Thomas Jefferson Byrd (June 25, 1950 – October 3, 2020) was an American character actor who played in several of director Spike Lee's films. He was nominated for the Tony Award for Best Featured Actor in a Play for his performance in the 2003 Broadway revival of Ma Rainey's Black Bottom.

Career 
Byrd earned a Bachelor of Science degree in education from Morris Brown College and later received a Master of Fine Arts degree in dance from California Institute of the Arts. He was a member of Omega Psi Phi fraternity, Alpha Sigma chapter.

Byrd starred in numerous regional stage productions including the San Diego Repertory Theatre's award-winning performance of Spunk. He also starred in Home by Samm-Art Evans, Two Trains Running, The Piano Lesson and Ma Rainey's Black Bottom at the Alliance Theater, Flyin' West, Hamlet and Miss Evers' Boys at the Indiana Repertory, and in other productions of Flyin' West at the Brooklyn Academy of Music and at the Long Wharf Theatre. 

For his Broadway debut, a performance in the 2003 revival of Ma Rainey's Black Bottom, Byrd received a Tony Award nomination for best featured actor.

Byrd appeared in several films by Spike Lee, including Clockers, Get on the Bus, Bamboozled, Red Hook Summer, and Chi-Raq.  Byrd also appeared as Stokely Darling in Lee's Netflix series She's Gotta Have It.  His other films credits include Set It Off, Ray, and Brooklyn's Finest.

Death 

After an emergency call was made in Atlanta, Georgia, around 1:45 a.m. on October 3, 2020, Byrd was found unresponsive with multiple gunshot wounds in his back and pronounced dead.
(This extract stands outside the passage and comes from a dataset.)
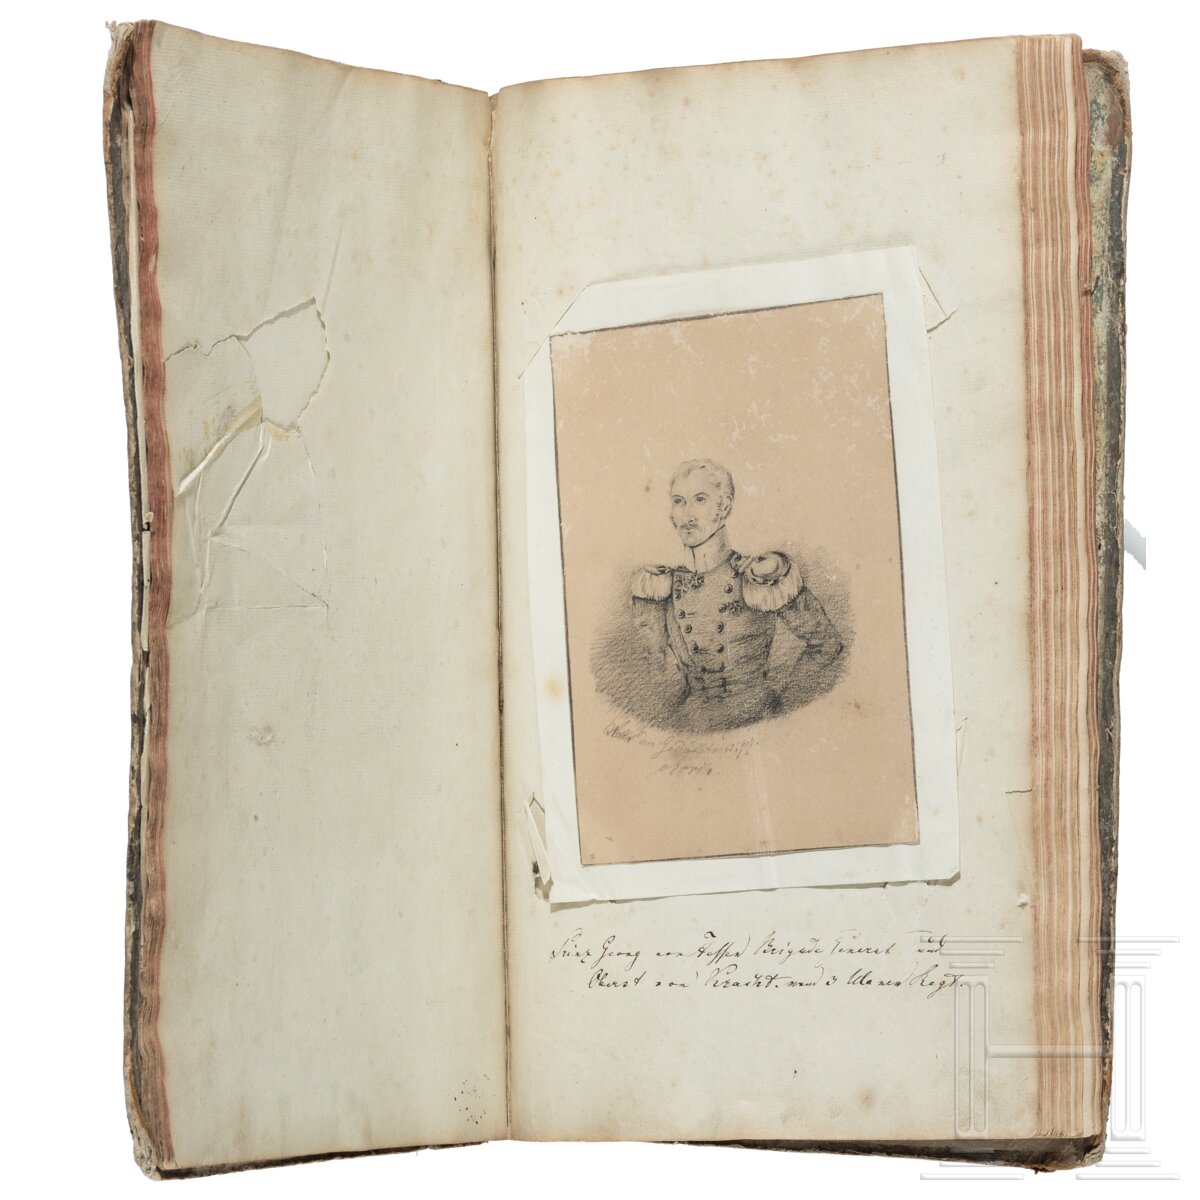 Album mit handgezeichneten Offiziersportraits, um 1830 - 1850 - Image 7 of 10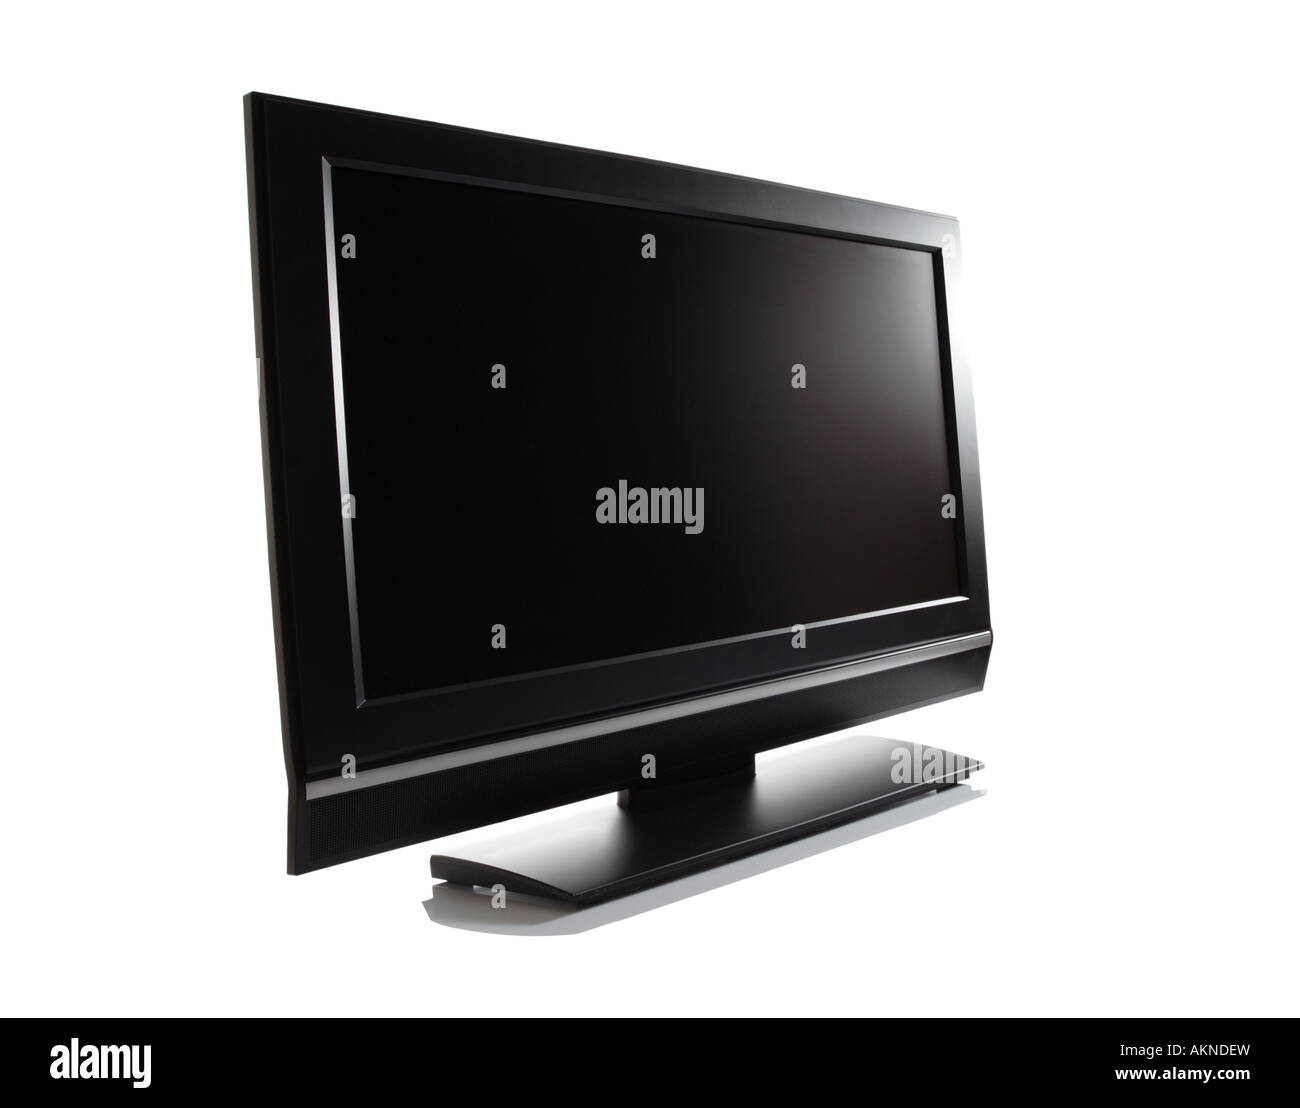 Télévision haute définition à écran LCD écran plat Banque D'Images

He was 70. A spokesperson for Atlanta police said that homicide detectives were "working to determine the circumstances surrounding the incident". On October 17, 2020, a 30-year-old man was arrested for having a connection to Byrd's murder.

Work

Film

Television

Theatre

Source:

Awards and nominations

References

External links

1950 births
2020 deaths
20th-century American male actors
21st-century American male actors
American male film actors
American male television actors
Male actors from Georgia (U.S. state)
People from Griffin, Georgia
Theatre World Award winners
California Institute of the Arts alumni
Morris Brown College alumni
Deaths by firearm in Georgia (U.S. state)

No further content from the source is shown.